Excerpts from a dataset:
━━━━━━━━━━━━━━━━━━━━━━━━━━━━━━

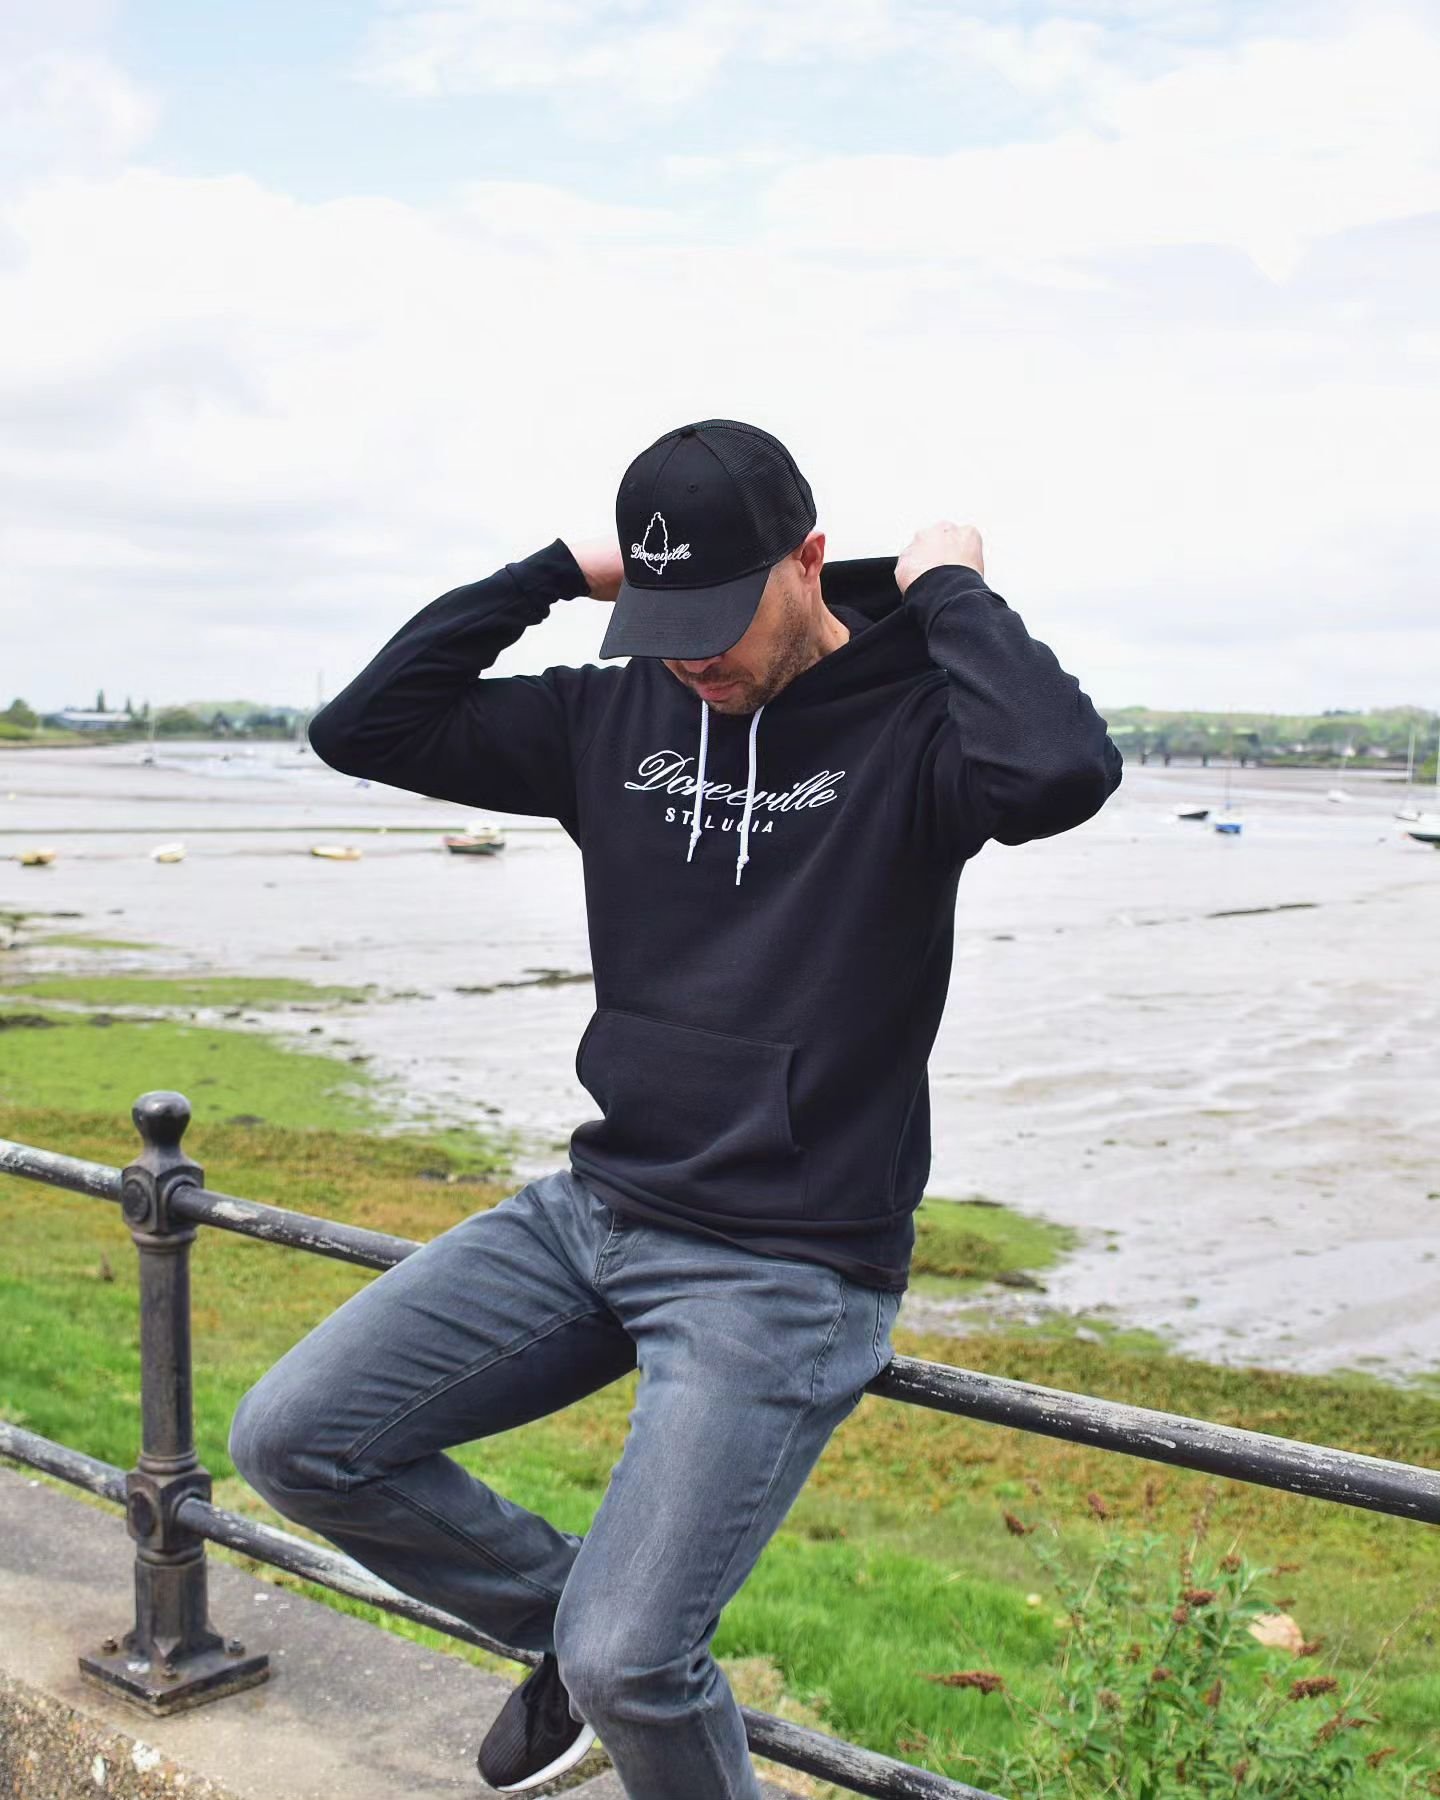 It's cold, wet and miserable. Our UNISEX hoodie is ideal for snuggling up and getting comfy on the sofa. It's lightweight soft and comfortable. Well so we've been told! 
Shop yours online at wwe.doreevilleapparel.com
.
.
.
#Doreeville #apparel #hoodi

━━━━━━━━━━━━━━━━━━━━━━━━━━━━━━

*To do*. Output the entries verbatim, skipping images.

*Response to the exercise*.
 It's cold, wet and miserable. Our UNISEX hoodie is ideal for snuggling up and getting comfy on the sofa. It's lightweight soft and comfortable. Well so we've been told! 
Shop yours online at wwe.doreevilleapparel.com
.
.
.
#Doreeville #apparel #hoodi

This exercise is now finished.